Sunday, April 18, 2010

Cherub Mission 1: The Recruit by Robert Muchamore

The Cherub series was published in England and is now being released with new covers in the U.S.  We have some of these books (the paperbacks released before these new ones) in our school library.

I picked up the new hardcover of Mission 1:  The Recruit the other day because I had heard lots of kids (especially boys) had really liked the series.

James Choke is living in London with his Mom, half-sister, and step dad.  His step dad is a complete idiot, and while he loves his mom, she's not up to the most good herself.  Enormously fat, she stays in their apartment organizing her "people" who work for her stealing electronic goods and such.  She changes her cell phone every few days so as not to get caught.  She resells the stuff to others.  She drinks too much, and James and Lauren often have to take care of themselves.

One day, though, she doesn't wake up from drinking too much, and James' life changes forever.  He's separated from Lauren and thrown into a group home.  He hangs out with the bad kids and doesn't want to be there forever.   Then mysteriously he wakes up in a clean room one morning and has no idea how he got there.

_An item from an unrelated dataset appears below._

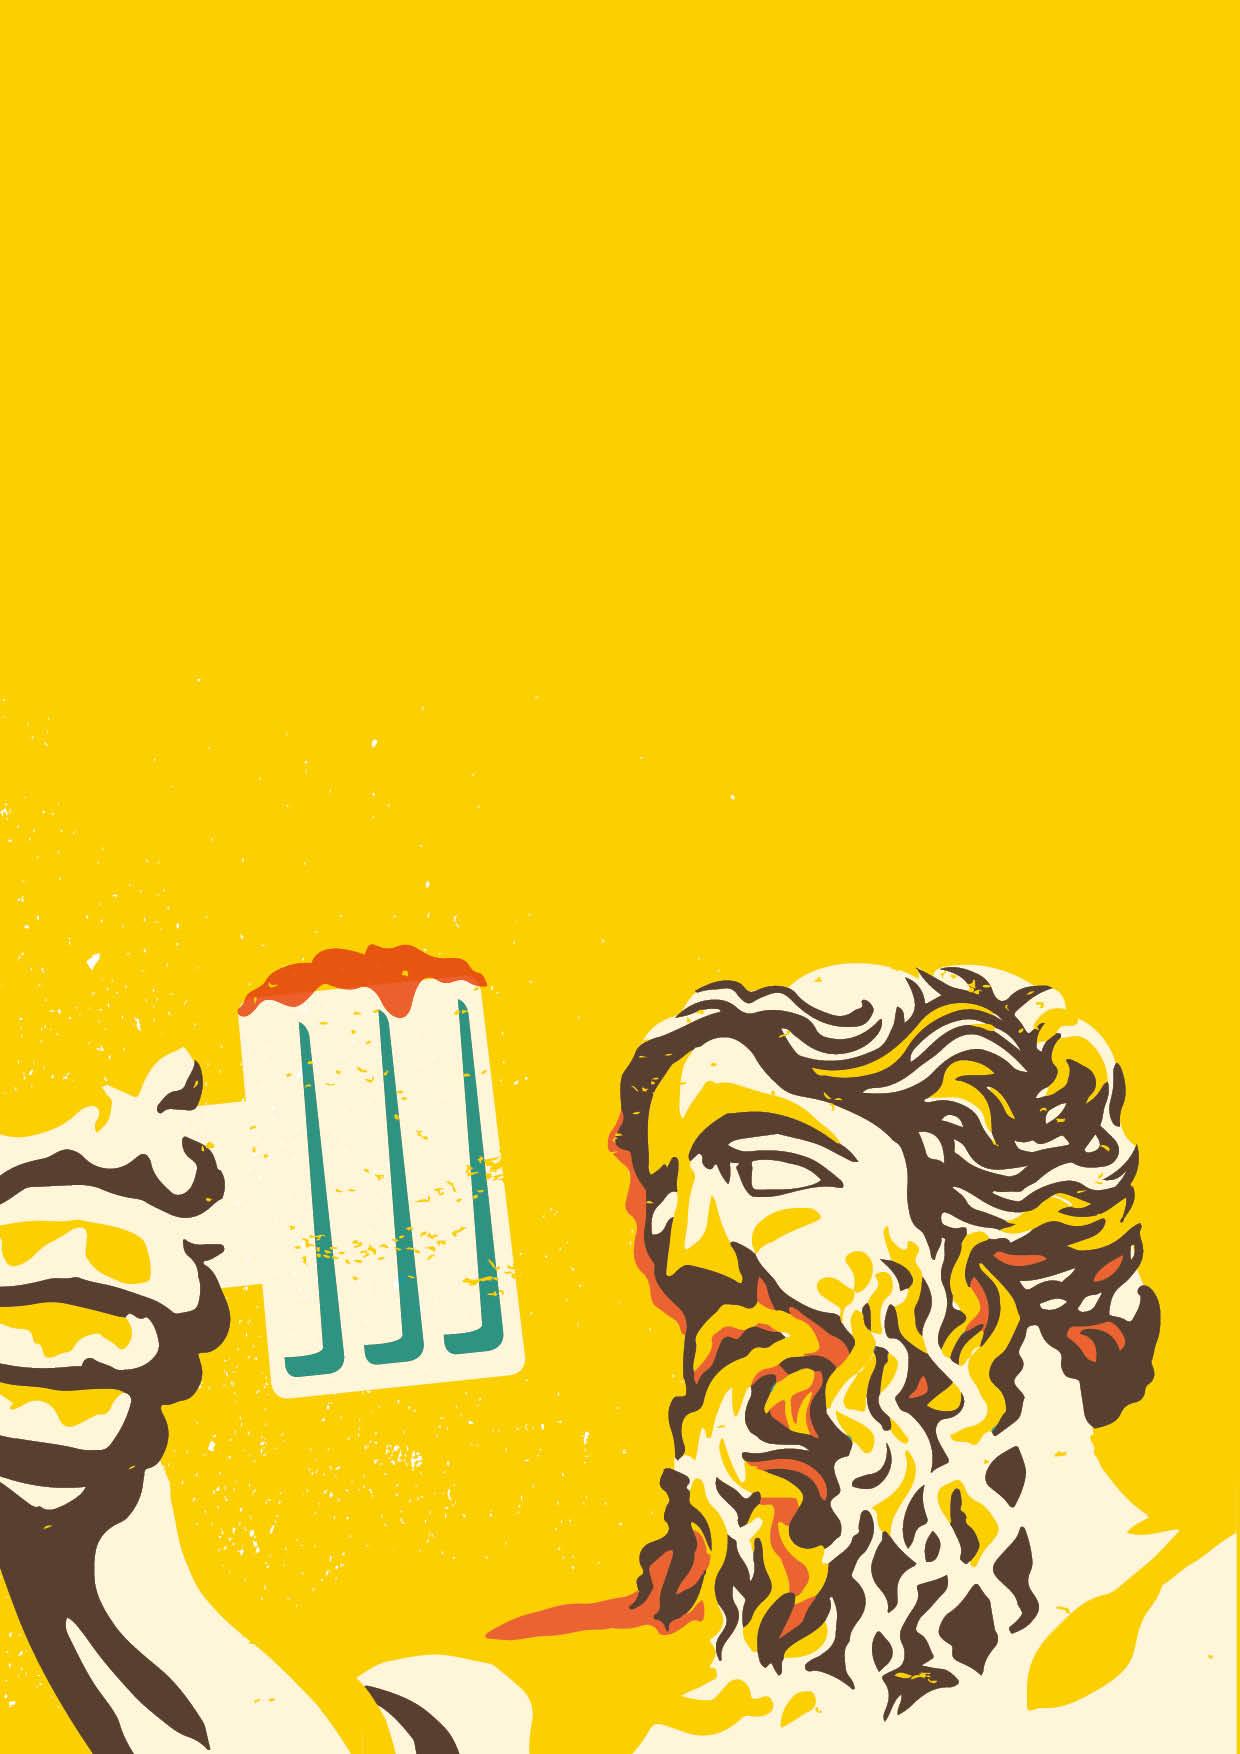 Beer Illustrations41.jpg

He finds out he is at the Cherub campus.  Cherub agents for all practical purposes don't even really exist.  They are kids that work with British MI5 agents to help bring down terrorists and criminals.  The kids are used in cases where the adult agents would be obvious.  No one suspects kids of being spies, so that's when the Cherub agents take over and help out.  Before you can become a Cherub agent, however, you must go through a insanely-hard-makes-you-want-to-die-and-cry-for-you-mommy kind of basic training.  So, can James make it through training?  How hard will  these hundred days be?  Will he ever see his sister Lauren again?  Will he get his first Cherub mission?  Read on to find out what the training is like and to follow James on his first Cherub adventure.

I think lots of kids will like this book.  I have never read any of the Alex Rider books, but I assume it's a similar feel.  Although in these, the agents don't rely on crazy gadgets like in Alex Rider...but it's still adventurous all the same.